- Born: October 15, 1901 Graz, Austria
- Died: February 20, 1984 (aged 82) Freeport, Bahamas
- Education: Columbia University
- Occupation: Architect
- Spouse: Lillian Jane Kinney (married 1947-1984)

= John L. Volk =

American architect (1901–1984)

John Latham Volk (October 15, 1901 – February 20, 1984) was an Austrian-born American architect who designed public buildings and private residences in and around Palm Beach, Florida from the 1920s until his death in 1984. Although there is no particular style exclusively associated with Volk, he worked with many styles from Mediterranean Revival to Modern. Volk was among a group of architects considered the “Big Five,” along with Marion Sims Wyeth, Addison Mizner, Maurice Fatio, and Howard Major, who defined Palm Beach style in the early twentieth century.

== Early life and education ==
John L. Volk was born in Graz, Austria. His parents were John Volk (1878-1940) and Hedwig Cermely Volk (1882-1961). At the age of nine, Volk emigrated with his family to New York City and settled in New Rochelle, New York. Volk studied architecture at Columbia University and apprenticed with H.P. Knowles, a Masonic architect in New York where he worked as a draftsman and designer. After Knowles' death, Volk worked with Joseph H. Friedlander, another well-known New York architect.

== Palm Beach ==

After working on designs for the Rivoli and Capital Theaters in New York, Volk came to Florida in 1925 with a commission to design a $1 million office building and bank in Key West. The deal fell apart due to the 1926 hurricane and the collapse of the Florida real estate boom. Volk, however, saw the opportunity for growth in Florida and decided to move to Palm Beach. By 1926, Volk had established his own practice in Palm Beach. Architect Gustav A. Maass joined as a partner from 1927 to 1937.

Volk's most significant commercial projects are the Royal Poinciana Plaza and additions and renovations to the First National Bank. Outstanding among his civic projects were the Parker Playhouse in Fort Lauderdale, the Royal Poinciana Playhouse, and additions and renovations to the Everglades Club and the Bath and Tennis Club. His residential projects ranged from estates for titans of the financial world to smaller homes in new subdivisions.

Volk was commissioned to design over 2,000 projects during his 60 years of practicing architecture in Palm Beach. His legacy can be found on almost every street in Palm Beach and throughout the United States and the Bahamas.

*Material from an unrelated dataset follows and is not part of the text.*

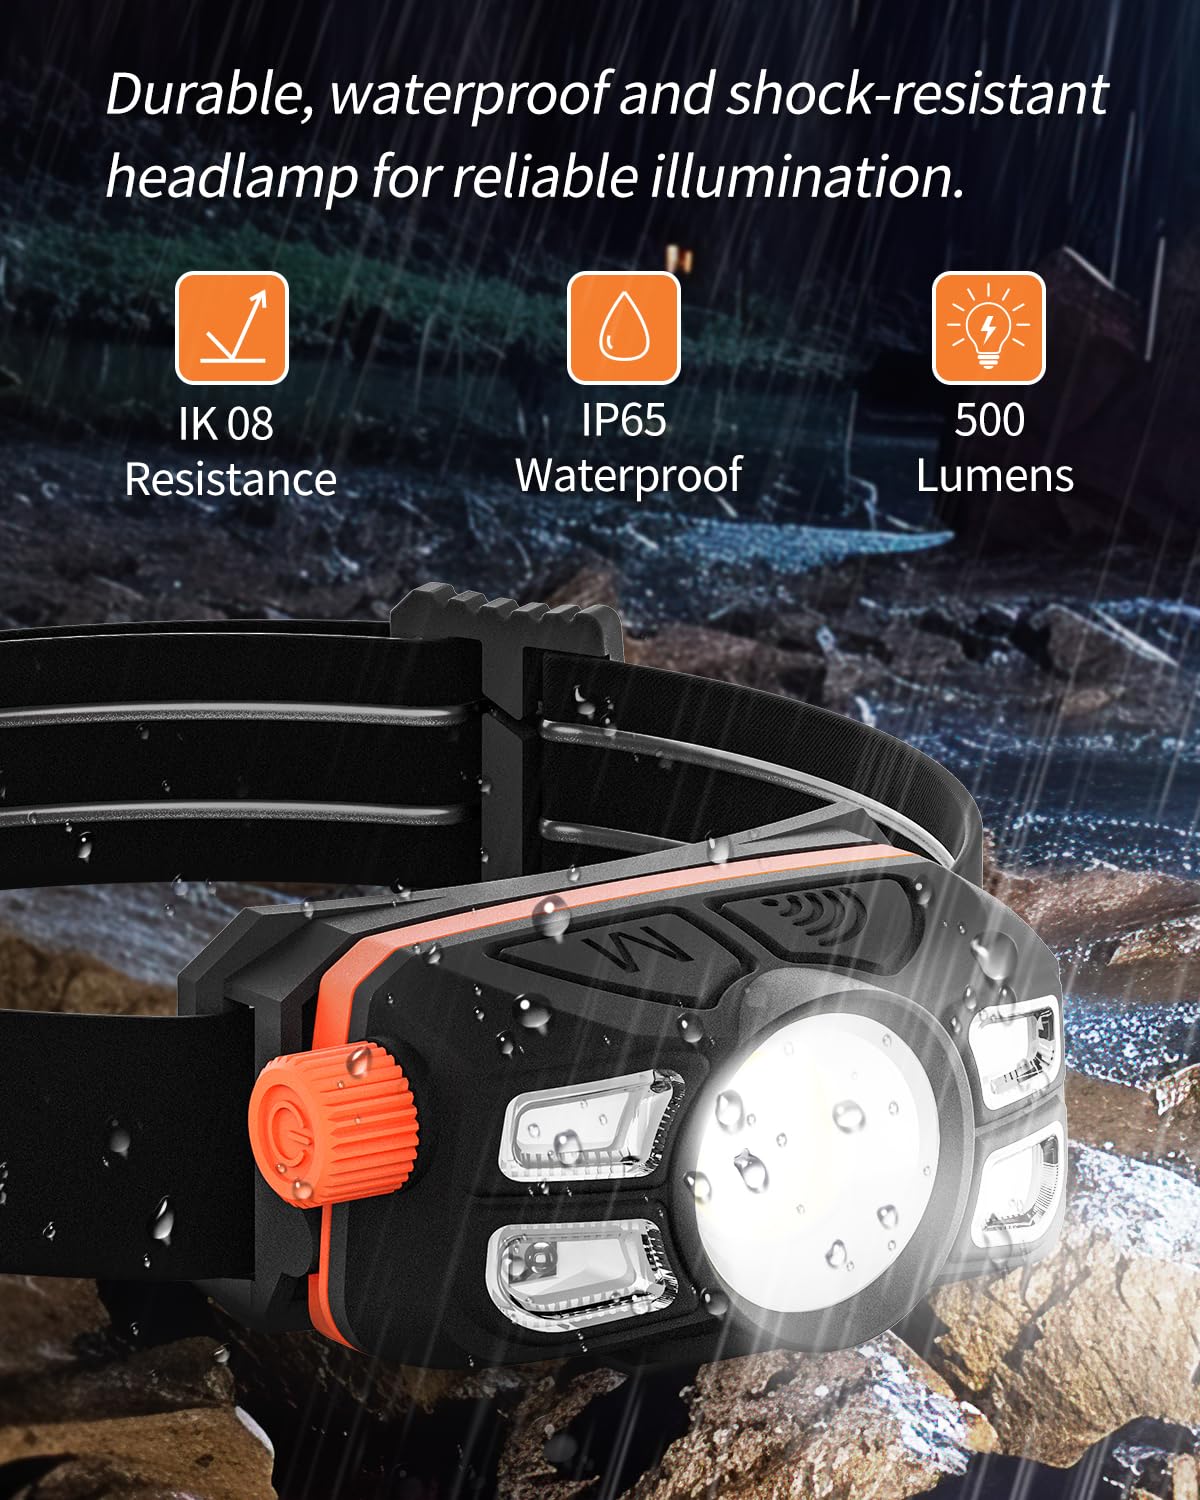 Anylight Rechargeable Headlamp,500 Lumens LED Head Lamp with Stepless Dimming and Motion Sensor, IP65 Waterproof Headlight for Repairing, Running, Camping, Hiking（2 Packs）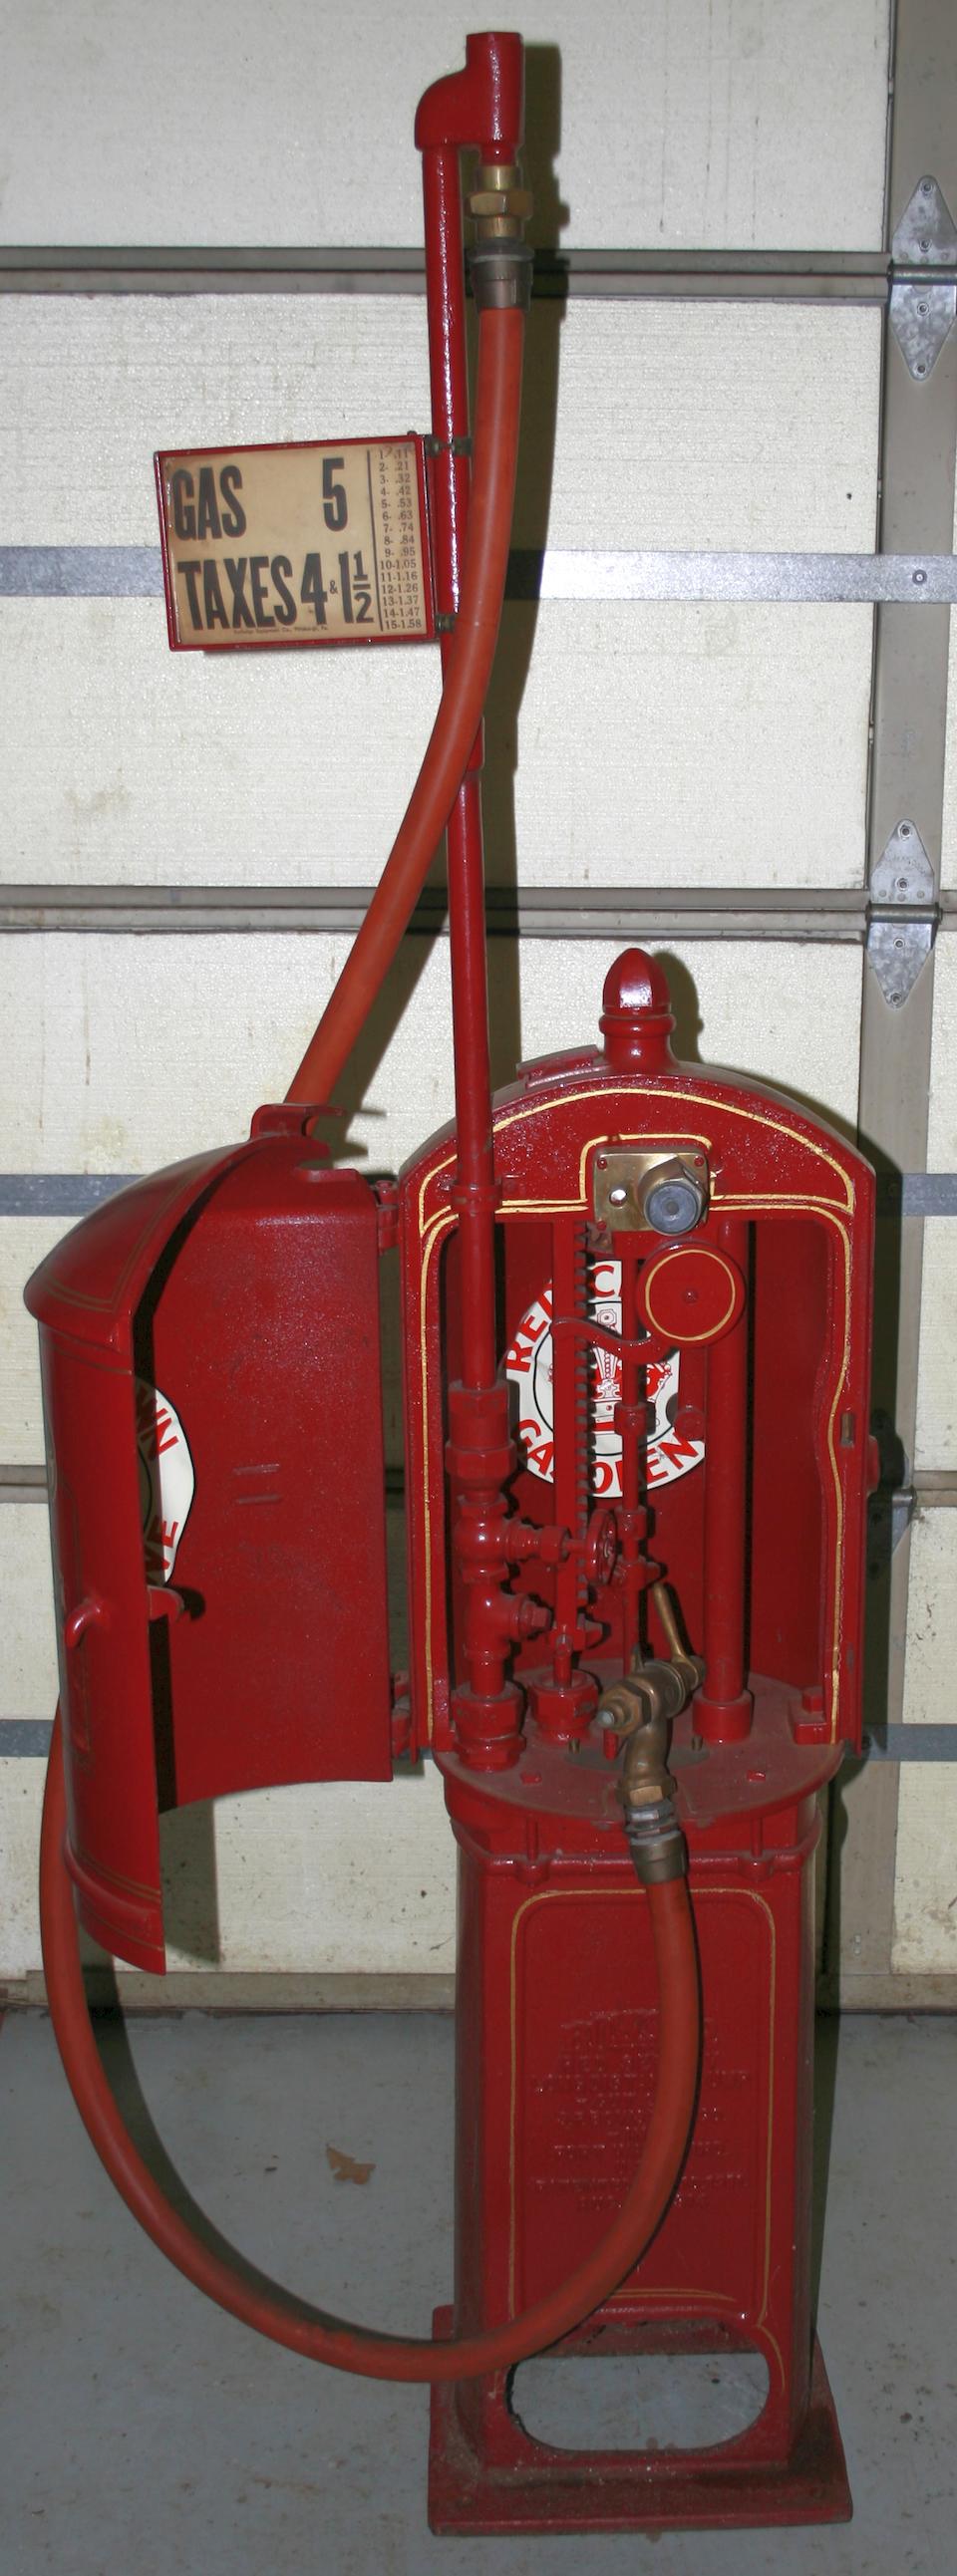 A BOWSER 'RED SENTRY' MODEL 241 GASOLINE PUMP, PATENTED 1911 AND 1914,

Volk's residence at South County Road, White Gables (1936), was one of the first Bermuda-style homes in Palm Beach. He lived there with his first wife, Beatrice Taylor Volk, for ten years. It was designated as a landmark in 1990. After divorcing Beatrice, Volk married Lillian Jane Kinney in 1947 and the couple resided in a house in Phipps Plaza. Jane was a recognized artist who was very involved in the social aspects of Palm Beach. She was also active in historic preservation and served as a chairman of the Landmarks Preservation Commission. The couple had one son in 1958, John Kinney Volk. Their residence in Phipps Plaza, known as Casa de los Arcos, was originally designed by architect Marion Sims Wyeth and remodeled by Volk. Because Casa de los Arcos was actually two buildings with an atrium connecting them, it served as both Volk's home and office.

In 2018, the John L. Volk Collection was donated to the Preservation Foundation of Palm Beach by John Volk Jr. The collection contains over 24,000 architectural drawings, 300 volumes from his personal library, 4,000 photographs, and a collection of Volk family correspondence and social history documentation.

== Projects ==

- Good Samaritan Hospital, West Palm Beach, Fla.
- Royal Poinciana Plaza, Palm Beach, Fla.
- Parker Playhouse, Fort Lauderdale, Fla.
- First National Bank, Palm Beach, Fla. (additions and renovations)
- Everglades Club, Palm Beach, Fla.
- Bath and Tennis Club, Palm Beach, Fla.
- White Gables, Palm Beach, Fla.
- La Ronda, Palm Beach, Fla. (demolished in 2004)
- Jeffery Epstein's mansion, Palm Beach, Fla.